[Material for the task]
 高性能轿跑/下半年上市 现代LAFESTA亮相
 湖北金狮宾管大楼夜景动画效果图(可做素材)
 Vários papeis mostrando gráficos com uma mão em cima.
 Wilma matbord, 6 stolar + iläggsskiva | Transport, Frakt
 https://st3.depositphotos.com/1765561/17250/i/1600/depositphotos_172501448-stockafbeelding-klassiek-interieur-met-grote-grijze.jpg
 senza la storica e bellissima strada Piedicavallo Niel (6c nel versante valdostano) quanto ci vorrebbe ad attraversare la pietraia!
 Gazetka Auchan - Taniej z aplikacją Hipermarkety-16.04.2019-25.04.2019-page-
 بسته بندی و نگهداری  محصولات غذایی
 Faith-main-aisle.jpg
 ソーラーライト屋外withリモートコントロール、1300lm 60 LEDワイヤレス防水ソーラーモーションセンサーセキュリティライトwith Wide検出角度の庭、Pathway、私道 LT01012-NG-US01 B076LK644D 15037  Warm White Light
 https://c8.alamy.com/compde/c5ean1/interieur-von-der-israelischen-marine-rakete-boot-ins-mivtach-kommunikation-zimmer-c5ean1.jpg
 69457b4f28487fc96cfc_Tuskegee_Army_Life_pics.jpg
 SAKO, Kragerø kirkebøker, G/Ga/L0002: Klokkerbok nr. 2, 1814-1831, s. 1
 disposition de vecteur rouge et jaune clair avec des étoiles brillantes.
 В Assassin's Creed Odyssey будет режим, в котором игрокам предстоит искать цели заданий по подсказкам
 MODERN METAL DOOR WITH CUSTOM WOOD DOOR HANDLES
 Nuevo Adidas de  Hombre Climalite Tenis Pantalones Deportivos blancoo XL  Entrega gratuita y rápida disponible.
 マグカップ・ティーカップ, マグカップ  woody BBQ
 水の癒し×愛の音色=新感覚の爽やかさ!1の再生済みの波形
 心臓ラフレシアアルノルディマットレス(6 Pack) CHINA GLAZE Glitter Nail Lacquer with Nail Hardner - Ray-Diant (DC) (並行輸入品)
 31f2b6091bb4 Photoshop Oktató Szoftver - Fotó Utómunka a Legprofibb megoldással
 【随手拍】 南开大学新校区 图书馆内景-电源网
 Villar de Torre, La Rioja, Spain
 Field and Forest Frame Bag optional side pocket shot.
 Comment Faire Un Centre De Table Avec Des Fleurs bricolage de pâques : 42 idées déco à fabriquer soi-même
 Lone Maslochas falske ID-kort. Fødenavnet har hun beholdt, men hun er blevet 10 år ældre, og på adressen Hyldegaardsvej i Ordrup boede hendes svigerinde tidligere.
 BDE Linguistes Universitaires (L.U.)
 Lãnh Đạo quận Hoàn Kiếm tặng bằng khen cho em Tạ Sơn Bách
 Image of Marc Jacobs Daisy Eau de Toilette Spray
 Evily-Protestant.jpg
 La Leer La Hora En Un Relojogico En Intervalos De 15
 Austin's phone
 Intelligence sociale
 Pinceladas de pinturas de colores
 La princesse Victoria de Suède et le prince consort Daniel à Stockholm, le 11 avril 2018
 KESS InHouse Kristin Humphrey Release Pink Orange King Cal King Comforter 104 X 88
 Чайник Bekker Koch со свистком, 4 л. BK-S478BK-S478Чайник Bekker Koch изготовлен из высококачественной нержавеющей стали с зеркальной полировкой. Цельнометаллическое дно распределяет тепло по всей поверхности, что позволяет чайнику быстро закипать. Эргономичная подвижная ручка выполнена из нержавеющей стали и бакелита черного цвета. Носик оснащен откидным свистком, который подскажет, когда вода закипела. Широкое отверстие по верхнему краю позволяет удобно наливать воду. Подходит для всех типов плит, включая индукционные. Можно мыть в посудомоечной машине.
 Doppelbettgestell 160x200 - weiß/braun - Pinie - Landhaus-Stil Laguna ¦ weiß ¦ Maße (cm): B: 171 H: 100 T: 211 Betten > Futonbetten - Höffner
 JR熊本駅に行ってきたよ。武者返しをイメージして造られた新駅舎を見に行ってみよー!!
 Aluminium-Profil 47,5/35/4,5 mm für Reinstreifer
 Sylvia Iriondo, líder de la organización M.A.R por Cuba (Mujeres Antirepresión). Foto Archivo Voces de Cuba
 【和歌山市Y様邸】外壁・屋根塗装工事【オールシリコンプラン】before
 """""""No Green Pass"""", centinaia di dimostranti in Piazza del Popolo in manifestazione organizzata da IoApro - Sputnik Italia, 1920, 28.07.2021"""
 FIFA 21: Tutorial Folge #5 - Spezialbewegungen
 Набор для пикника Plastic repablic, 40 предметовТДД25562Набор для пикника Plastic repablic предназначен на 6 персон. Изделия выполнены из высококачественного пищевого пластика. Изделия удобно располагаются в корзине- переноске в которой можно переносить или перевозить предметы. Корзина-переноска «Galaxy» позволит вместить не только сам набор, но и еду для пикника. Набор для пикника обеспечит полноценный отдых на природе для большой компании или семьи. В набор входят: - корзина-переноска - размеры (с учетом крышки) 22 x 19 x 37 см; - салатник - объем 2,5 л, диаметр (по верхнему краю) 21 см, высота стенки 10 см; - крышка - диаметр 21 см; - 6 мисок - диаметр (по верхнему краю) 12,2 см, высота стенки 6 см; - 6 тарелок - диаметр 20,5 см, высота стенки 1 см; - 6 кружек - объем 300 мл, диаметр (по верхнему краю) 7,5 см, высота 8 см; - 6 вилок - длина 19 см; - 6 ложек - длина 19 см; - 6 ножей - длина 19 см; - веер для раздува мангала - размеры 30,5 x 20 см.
[/Material for the task]
**Work request:** Look through the preceding entries for the word "https". Report how many lines hold it, and only that number.

**Solved exercise:** 2